Isolated Nitrogen. Single isolated atoms of nitrogen substituting for carbon in the diamond lattice (figures 2 and 3B; C-centers) are the second most common cause of color in natural yellow diamonds, comprising just over 13% of the stones evaluated. C-centers are very strong absorbers, requiring concentrations of only a few parts per million (ppm) of isolated nitrogen atoms to produce strong yellow color (Collins, 1982, 2001; Hainschwang et al., 2013) (figure 6). These diamonds are often referred to as “true canaries” in the industry and are popular in the diamond trade (Liddicoat, 1976; Collins, 1980; Wang and Poon, 2018). While the yellow diamonds analyzed for this study were primarily larger than melee sizes, it should be mentioned that nearly all melee-sized natural diamonds (<0.20 ct) with Fancy yellow or more intense color grades are colored by C-centers due to their very strong light absorption. The short absorption path length in a melee stone requires that C-centers be present to produce yellow color, as cape defects are significantly weaker absorbers and cannot produce much yellow color over very short path lengths (again, see figure 6). C-centers are rare in natural diamond, as they are typically destroyed by combining with other C-centers to form pairs of nitrogen atoms (A-centers) during the normal nitrogen aggregation process that occurs over geologic time during residence deep in the earth (figure 2; Anderson, 1961; Davies, 1970). While C-centers produce strong yellow color in diamond, A-centers produce no color at all. Higher concentrations of C-centers can produce deeper yellow colors (though not always) and orangy components to the diamond hue as well (figure 5). C-centers, in conjunction with plastic deformation (Hainschwang et al., 2013), are the most common cause of primary orange color components in diamond.

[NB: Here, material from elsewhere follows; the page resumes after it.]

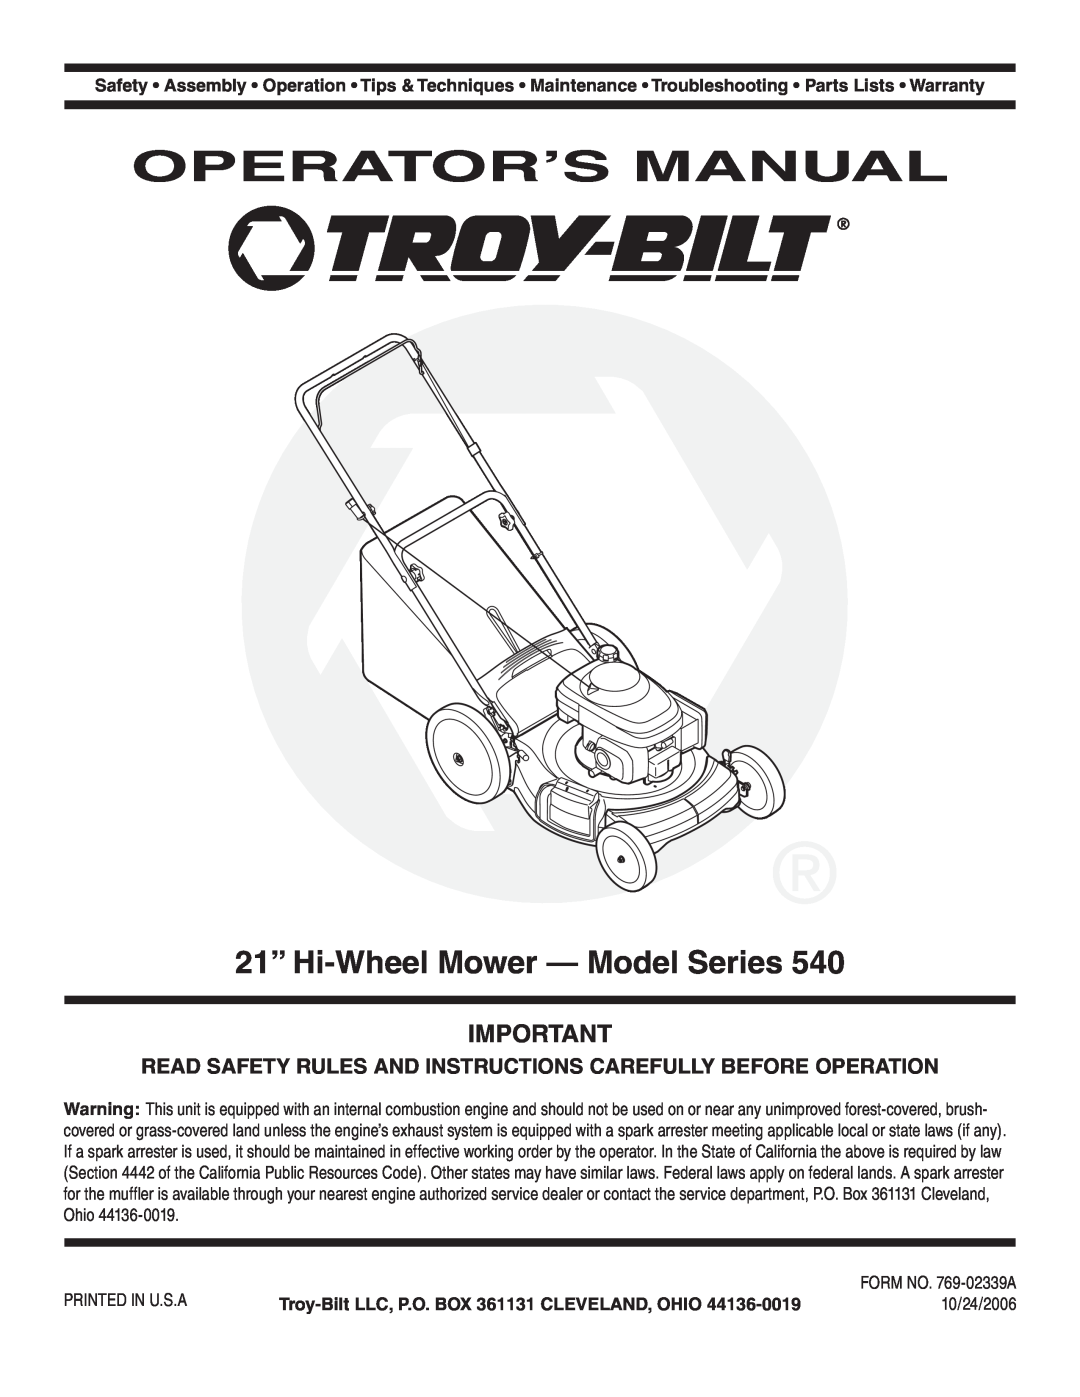 Troy-Bilt Series 540 manual Operator’S Manual, 21” Hi-Wheel Mower - Model Series, 10/24/2006 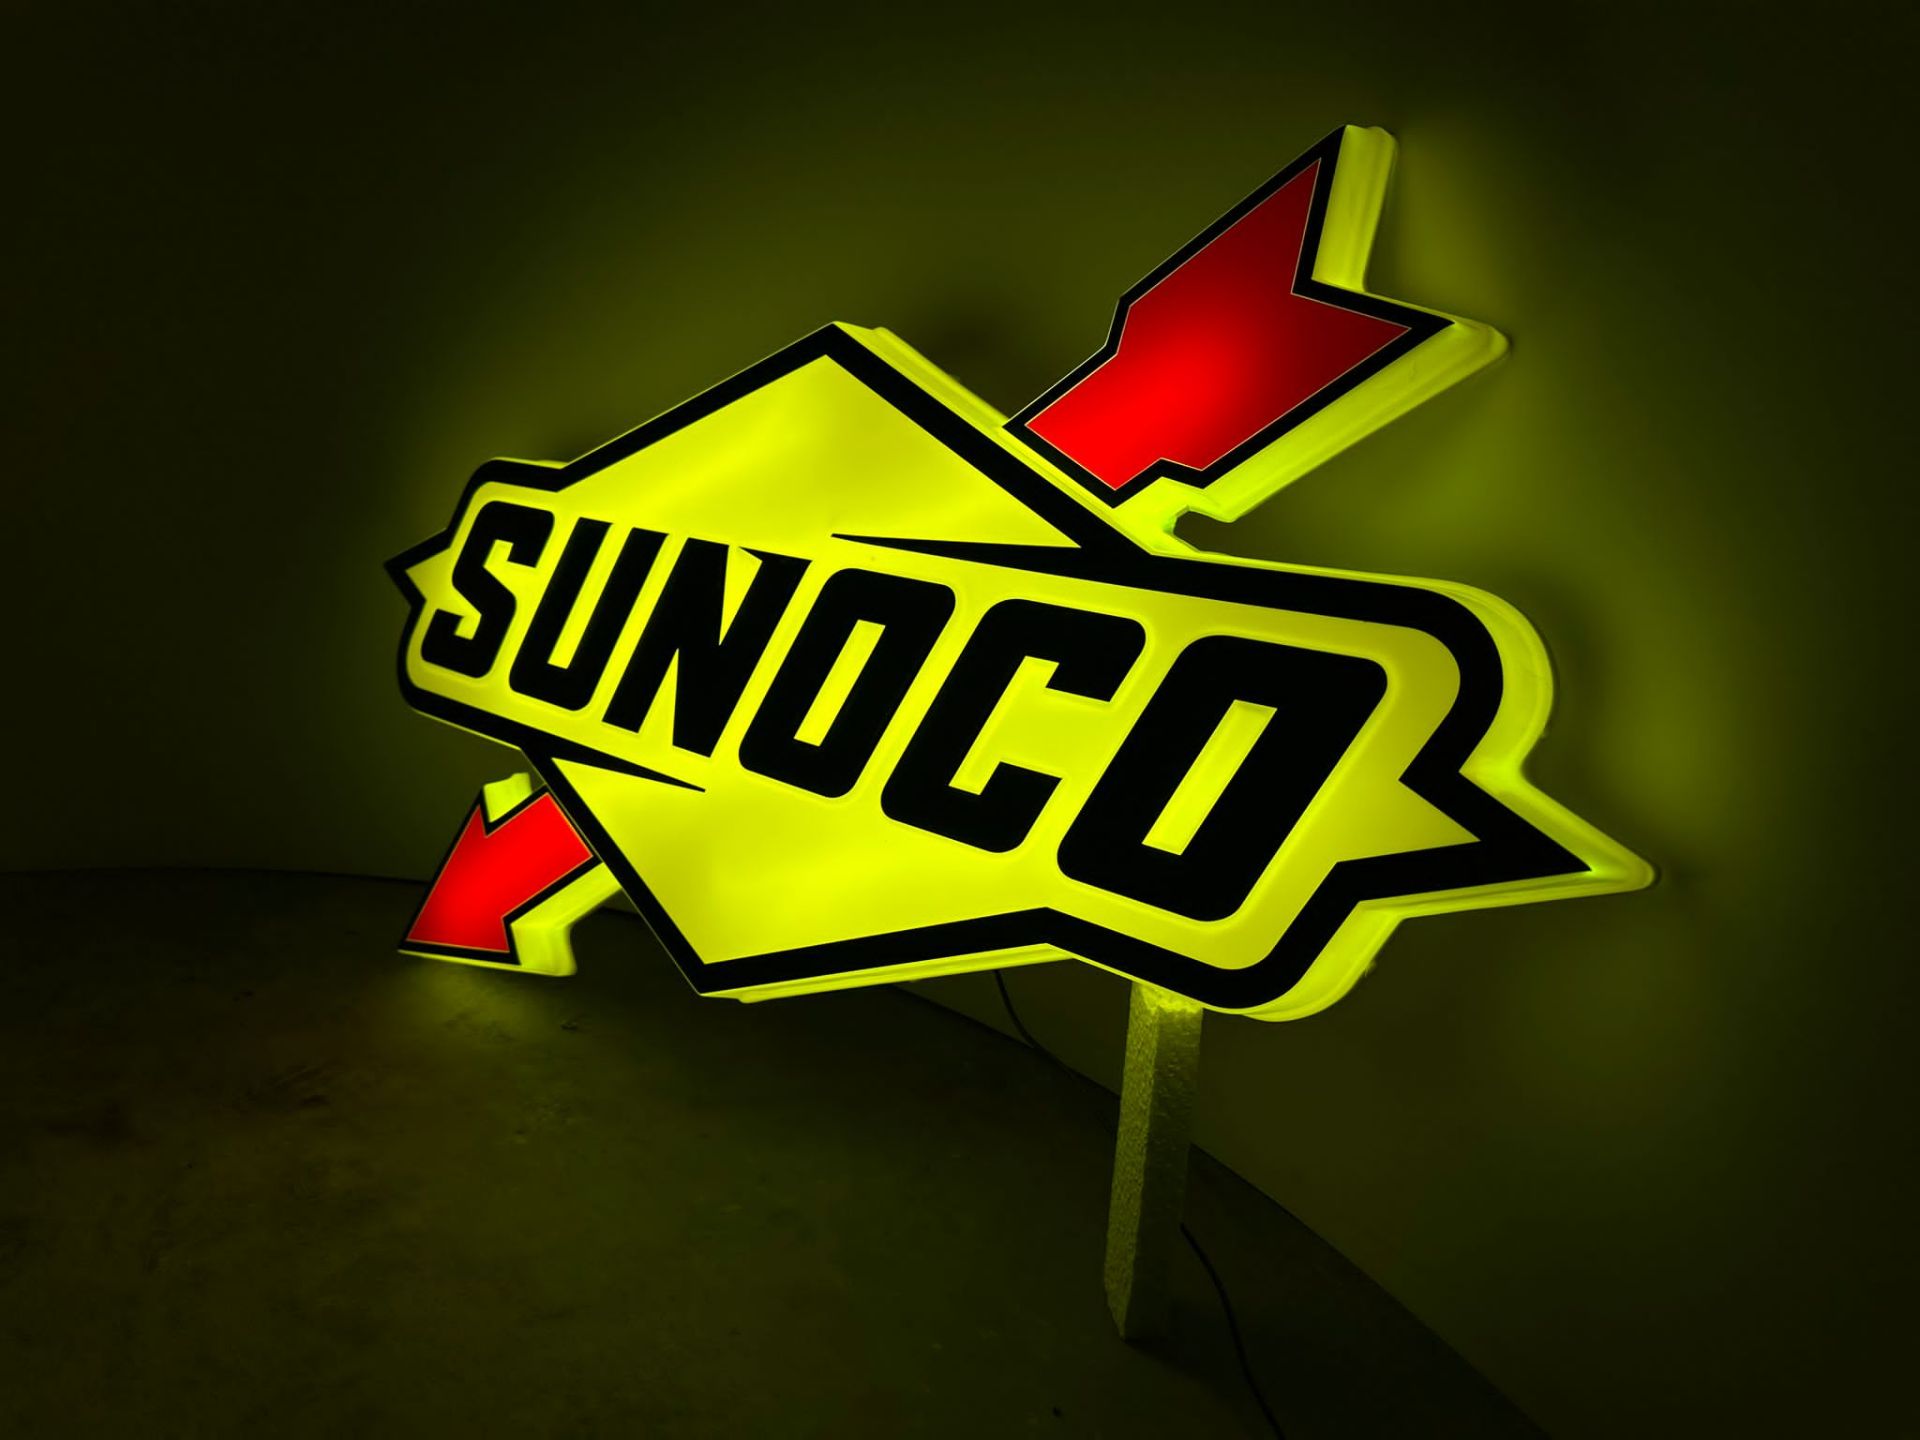 Sunoco illuminated sign - Image 2 of 6

480 nm Visible Absorption Band. One of the more interesting mechanisms for producing yellow color in diamond is a broad absorption band centered at ~480 nm in the visible spectrum (figure 3C). The makeup and structure of the 480 nm band is not well understood by scientists. Our observations indicate that it is almost always associated with both A-centers (nitrogen pairs) and very low concentrations of C-centers. The defect has been attributed by some authors to substitutional oxygen atoms in the diamond lattice based primarily on modeling results (Gali et al., 2001; Shiryaev et al., 2010). Based on a decade of GIA data, the broad absorption is responsible for the color in ~5% of yellow diamonds. Among diamonds with orange hue components, the 480 nm band is the second most common cause of color. However, for diamonds with pure (unmodified) orange hues, this feature is responsible for the color in ~86% of these ultra-rare and highly valued stones. The absorption band at 480 nm also has thermochromic properties, meaning the colors are affected by temperature changes. When a diamond with this feature is heated to 400°–500°C, the absorption band typically broadens and creates a temporary color change to more orangy hues (figure 7). This effect also contributes to the color change in chameleon diamonds (Hainschwang et al., 2005; Breeding et al., 2018), which always exhibit the 480 nm band (Scarratt, 1984; Fritsch et al., 2007b).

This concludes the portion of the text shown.